– Еще бы! – громко выговорила она и, не оглянувшись назад, обняла его за шею и поцеловала долгим беззвучным поцелуем.

Голова его затуманилась.

– Все, все я сделаю!.. – шептала она ему на ухо, не выпуская его руки. – Обо мне что сокрушаться!.. Тебе бы только была во всем удача.

Она вдруг опустила голову и заговорила гораздо тише, более жидким звуком, тоном девушки, немного отрывочно, с передышками.

– Отец совсем плох… Доктор боится – ему до осени не дотянуть. Я у них теперь чаще бываю, чем в прошлом и позапрошлом году.

– Когда он заболел? – перебил ее Теркин.

– Второй год уж… Сердце, ожирение, что ли, одышка, целыми ночами не спит… Водянка начинается… Жалко на него смотреть…

– А мать как?

– Она еще молодцом. Ты бы и не сказал, что ей за пятьдесят… Разумеется, и она мается ночи напролет около него.

– С тобой он как?

– Ласков… Простил давно. Муженька моего он сразу разгадал и видит, какие у нас лады… Я ему ничего не говорю про то, что мои деньги Рудич проиграл. Ты знаешь, Вася, в нашем быту первое дело – капитал. Он меня обвинит и будет прав. Еще добро бы, я сразу души не чаяла в Рудиче и все ему отдала, – а то ведь я его как следует никогда не любила… нужды нет, что чуть не убежала из родительского дома.

Серафима немного помолчала.

– Я к тому это рассказываю – тебе надо теперь почаще наезжать, если сподручно, поблизости находиться. Отец может отойти вдруг… задохнуться. Вася! ты меня не осуждай!..

– За что, голубка? – вырвалось у него звонко.

– Да вот, что я хочу с тобой переговорить о делах… Видишь, нашей сестре нельзя быть без обеспечения. – Она тихо рассмеялась. – Я знаю, интеллигенты разные сейчас за Островского схватятся? это, мол, как та вдова-купчиха, что за красавчика вышла… помнишь?.. Как бишь называется пьеса?

– Кажется: «Не сошлись характерами».

– Да, да. Там она рассуждает: «Что я буду без капитала?.. Дура, мол!..» Я вот и не дура, и не безграмотная, а горьким опытом дошла до того же в каких– нибудь два года… От моего приданого один пшик остался!

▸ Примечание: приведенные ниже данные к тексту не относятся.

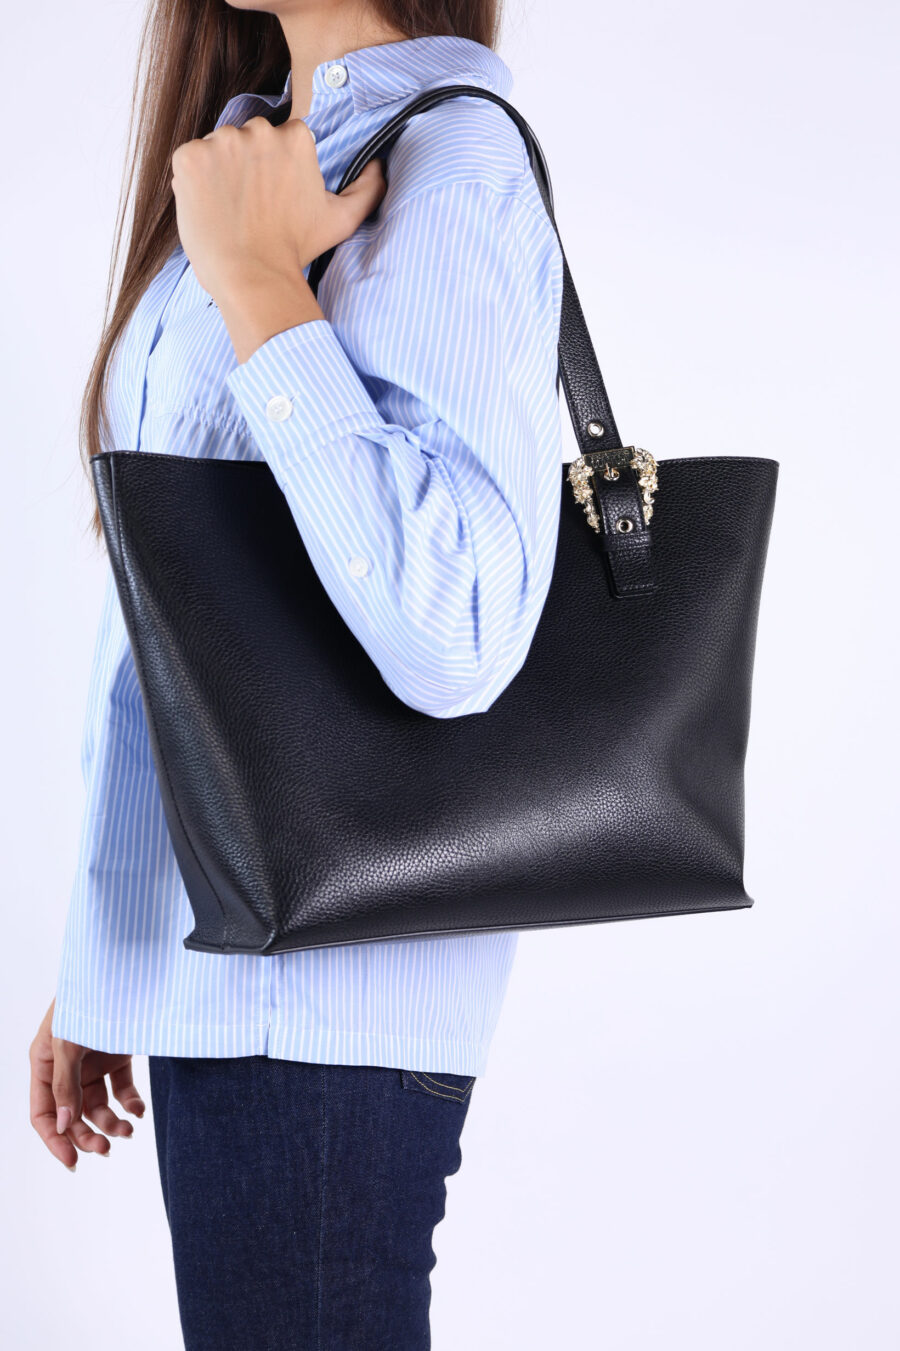 Black shopper bag with baroque buckles - 361223054662201727
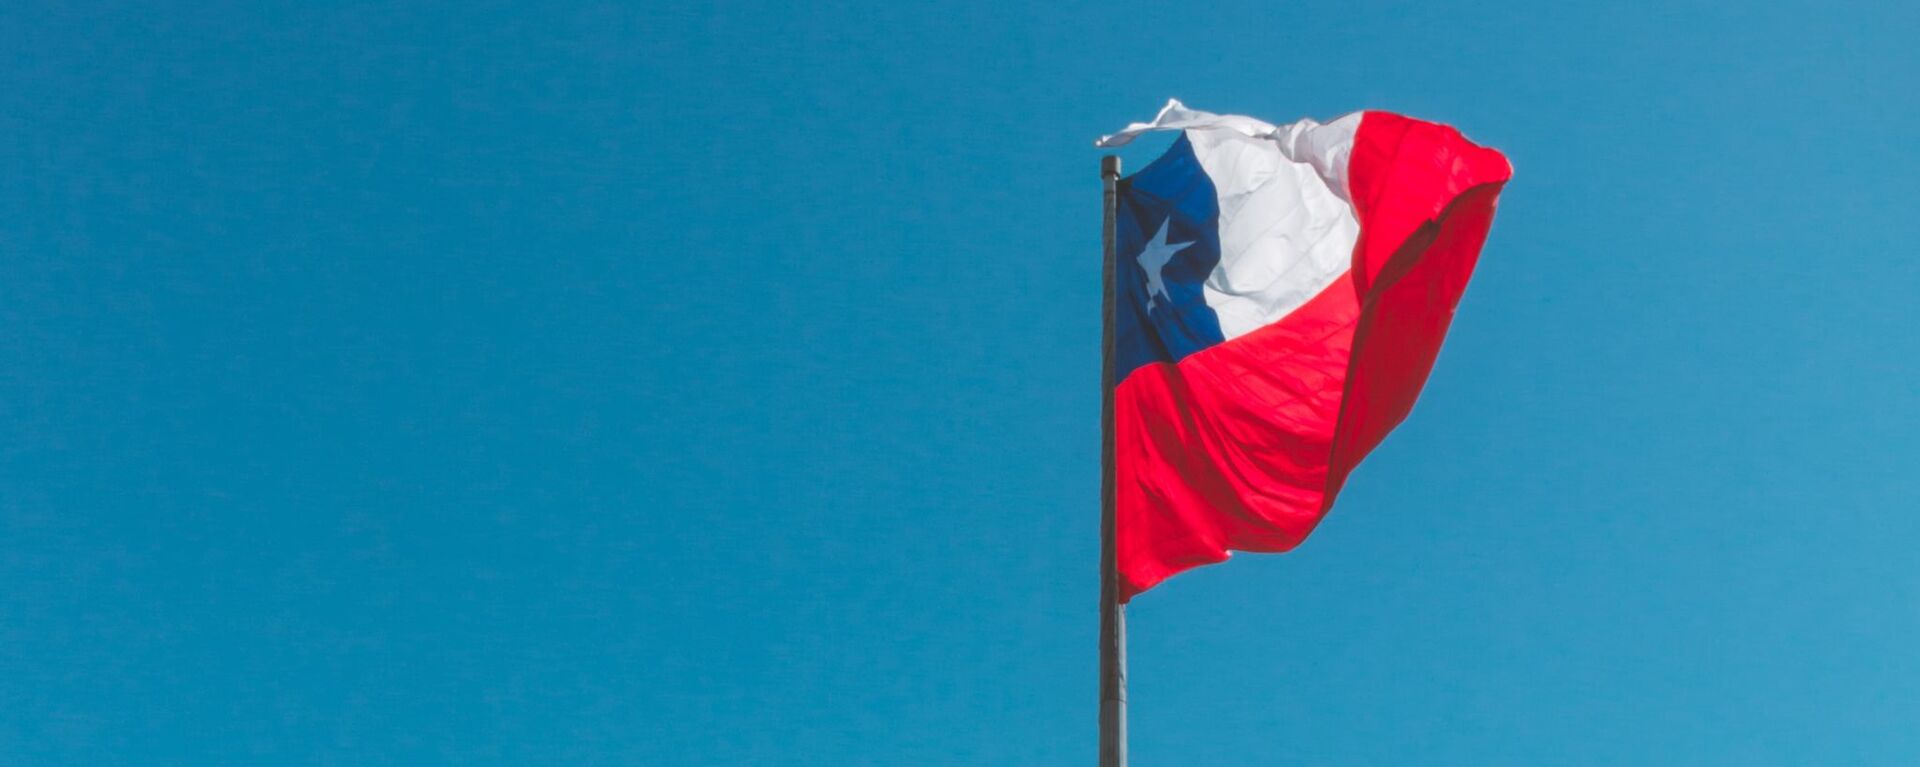 La bandera de Chile - Sputnik Mundo, 1920, 05.05.2021

Тряпки да домашнее обзаведение!

Глаза ее все темнели, блеск пропал; она сидела с опущенной головой, и щеки казались совсем матовыми.

– Ты боишься, что тебя родители обидят?

Тотчас после этого вопроса Теркин испытал новую неловкость: ему сделалось почти противно, что он втягивается в такой разговор, что он за сотни верст от того, о чем мечтал, что его деловая натура подчиняла себе темперамент увлеченного мужчины.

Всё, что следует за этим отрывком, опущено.